Nutch is a highly extensible, highly scalable, matured, production-ready Web crawler which enables fine grained configuration and accommodates a wide variety of data acquisition tasks. Nutch relies on Apache Hadoop data structures, Nutch is great for batch processing large data volumes via MapReduce jobs but can also be tailored to smaller jobs.

How was this patch tested?

Testing is ongoing. The goal is for the Nutch community to test this patch and hopefully update this thread with feedback. More details to follow.

For code changes:

Does the title or this PR starts with the corresponding JIRA issue id (e.g. 'BIGTOP-3638. Your PR title ...')?
Make sure that newly added files do not have any licensing issues.
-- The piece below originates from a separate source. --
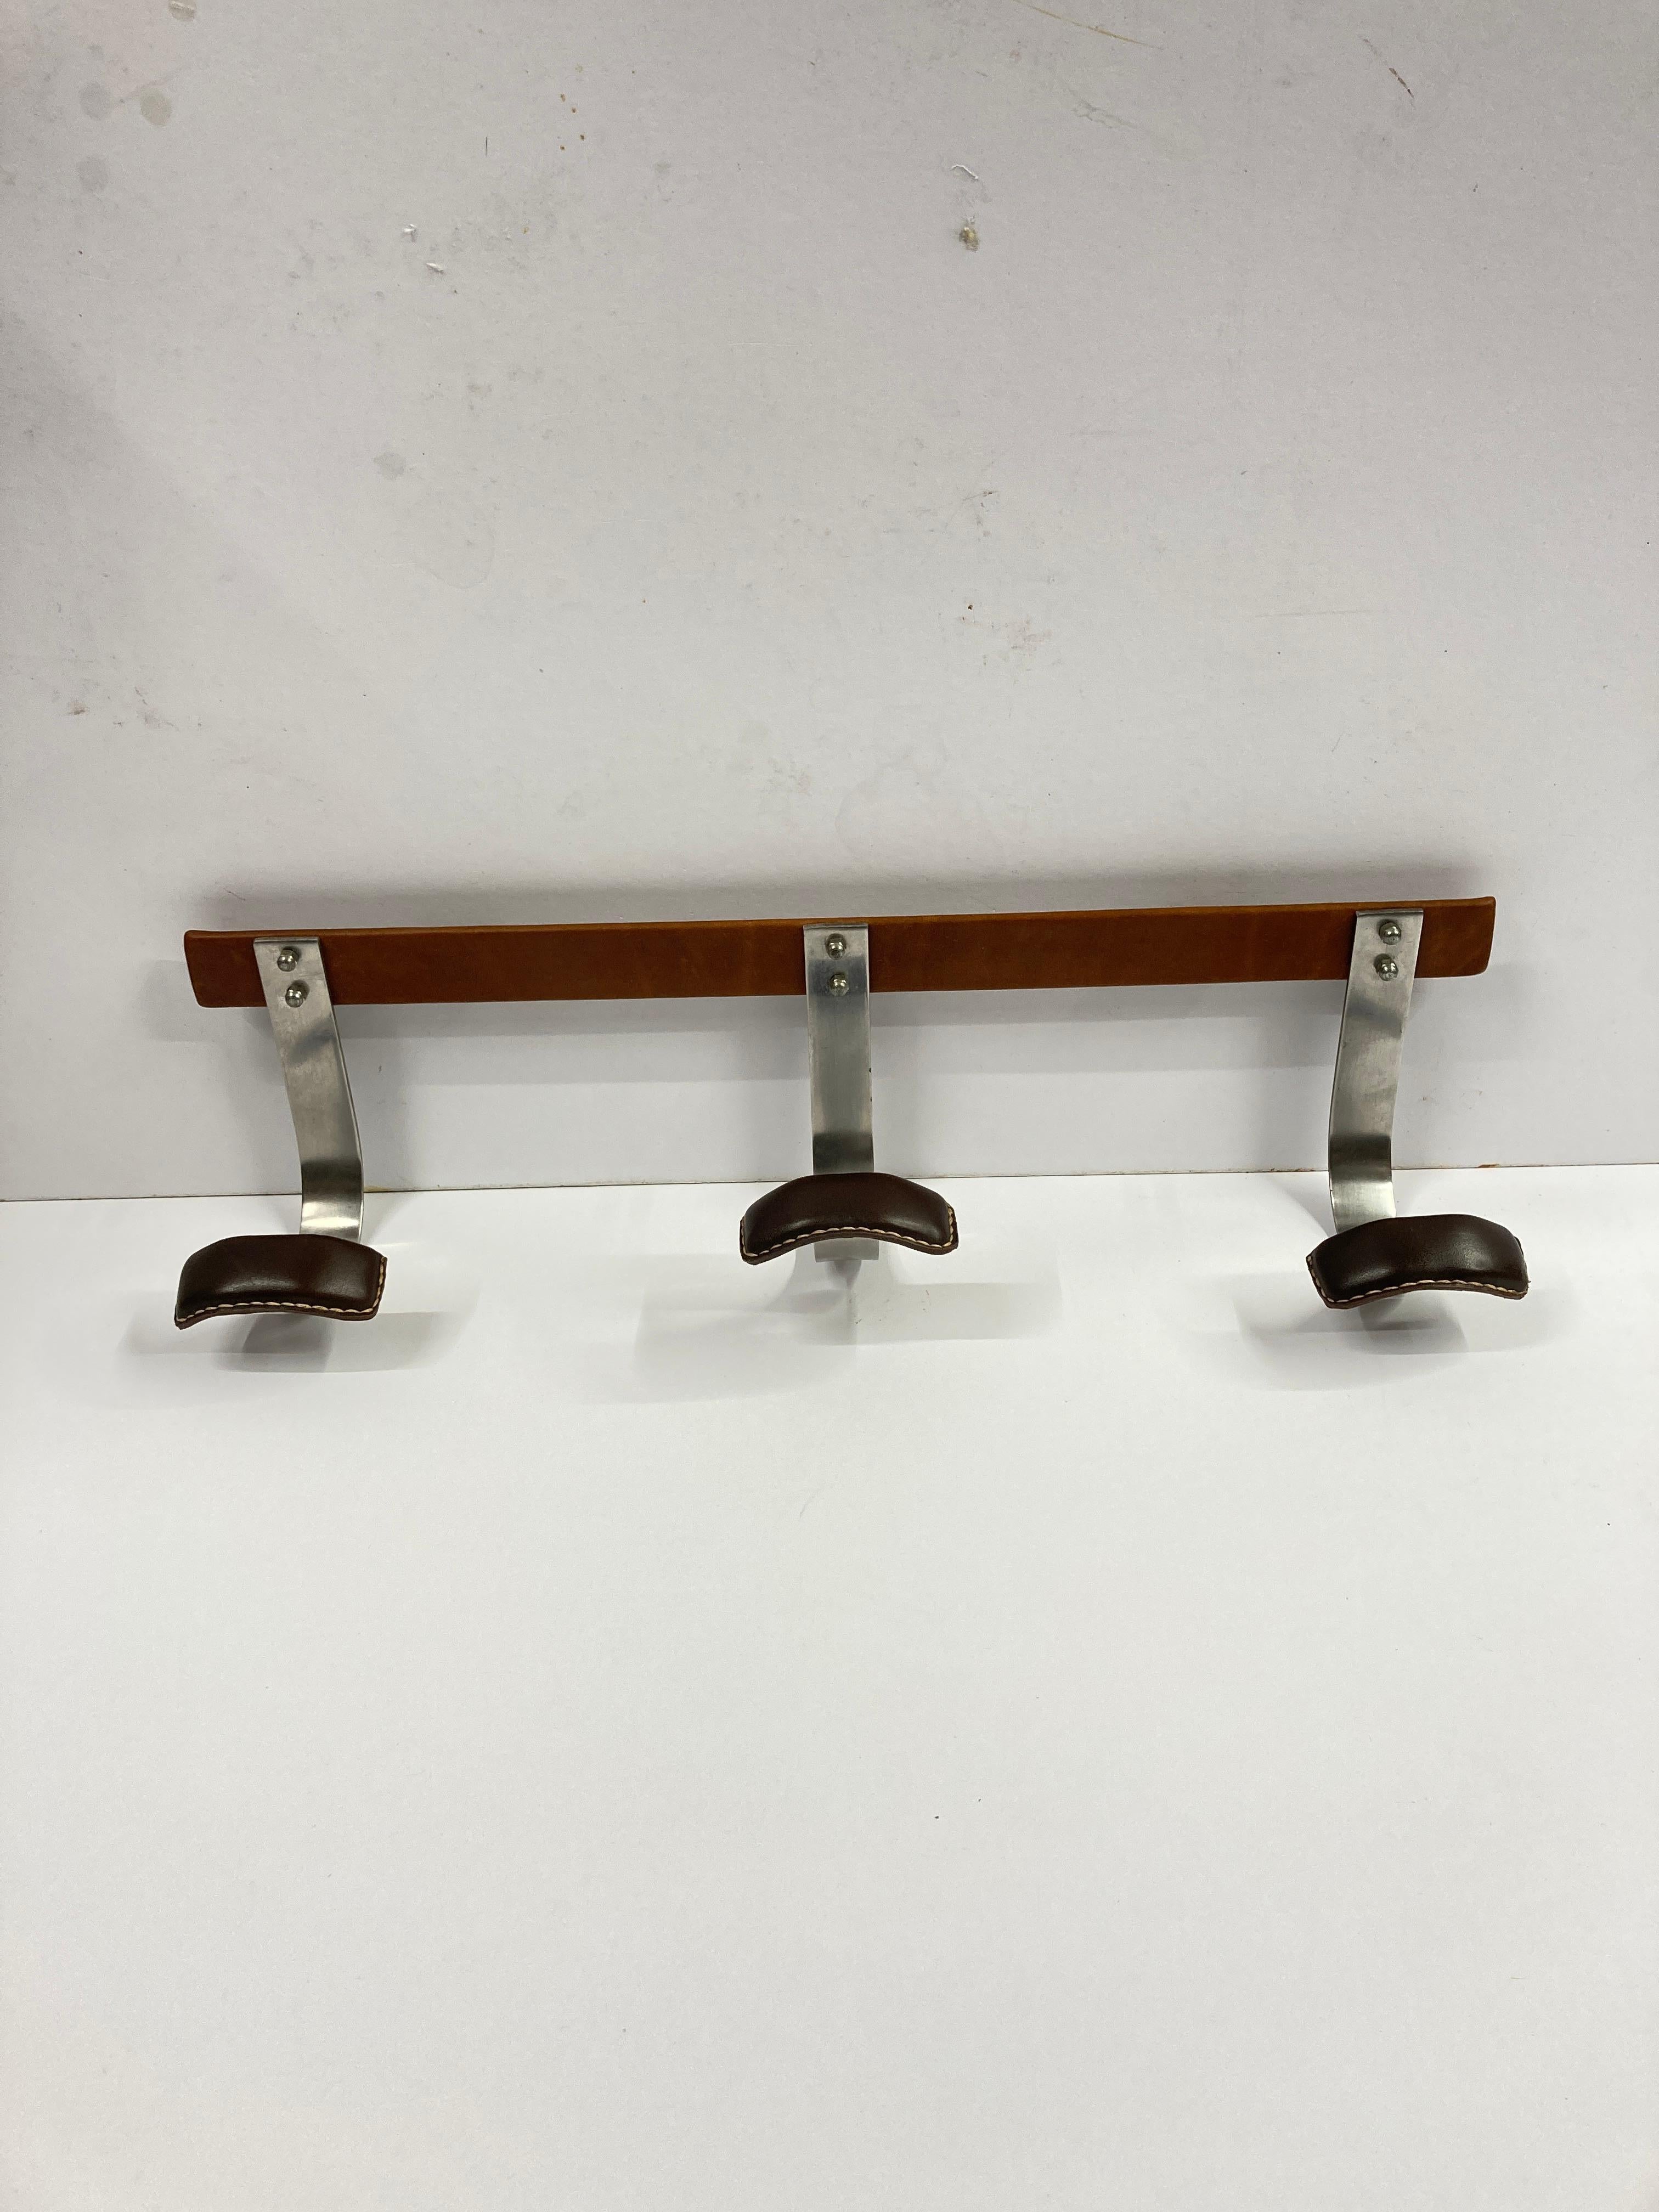 1950's Stitched Leather coat rack von Jacques Adnet im Zustand „Gut“ im Angebot in Bois-Colombes, FR

When in doubt refer to https://www.apache.org/licenses/

lewismc · 2026-02-28T23:36:46Z

Testing the Nutch integration

This guidance is intended for peer reviewers interested in the Apache Nutch integration in Bigtop. Nutch is built from source with Ant (ant runtime), packaged using runtime/deploy for Hadoop cluster execution, and all smoke tests run against a Hadoop cluster using HDFS.

Prerequisites

Around ~20GB free disk space (to be safe)

sudo apt update && sudo apt upgrade && sudo apt install zip && sudo apt install openjdk-11-jdk
# Add Docker's official GPG key:
sudo apt update
sudo apt install ca-certificates curl
sudo install -m 0755 -d /etc/apt/keyrings
sudo curl -fsSL https://download.docker.com/linux/ubuntu/gpg -o /etc/apt/keyrings/docker.asc
sudo chmod a+r /etc/apt/keyrings/docker.asc

# Add the repository to Apt sources:
sudo tee /etc/apt/sources.list.d/docker.sources <<EOF
Types: deb
URIs: https://download.docker.com/linux/ubuntu
Suites: $(. /etc/os-release && echo "${UBUNTU_CODENAME:-$VERSION_CODENAME}")
Components: stable
Signed-By: /etc/apt/keyrings/docker.asc
EOF

sudo apt update
sudo apt install docker-ce docker-ce-cli containerd.io docker-buildx-plugin docker-compose-plugin docker-compose ruby
sudo usermod -aG docker $USER

restart/exit session

git clone https://github.com/lewismc/bigtop.git && cd bigtop && git checkout -b BIGTOP-284 && git pull origin BIGTOP-284

Hadoop cluster – Smoke tests require a running cluster (HDFS and YARN). They use HADOOP_CONF_DIR and will not run without it.
x86_64 Linux – Building Nutch packages via nutch-pkg-ind uses the Bigtop Docker slave image, which is only published for x86_64. On Apple Silicon (arm64), the build script uses --platform linux/amd64; running amd64 containers under emulation can fail with "exec format error", so building packages is most reliable on native x86_64 Linux.

1. Build the Nutch package

From the Bigtop repo root:

./gradlew nutch-pkg-ind -POS=ubuntu-22.04 -Pdocker-run-option="--privileged"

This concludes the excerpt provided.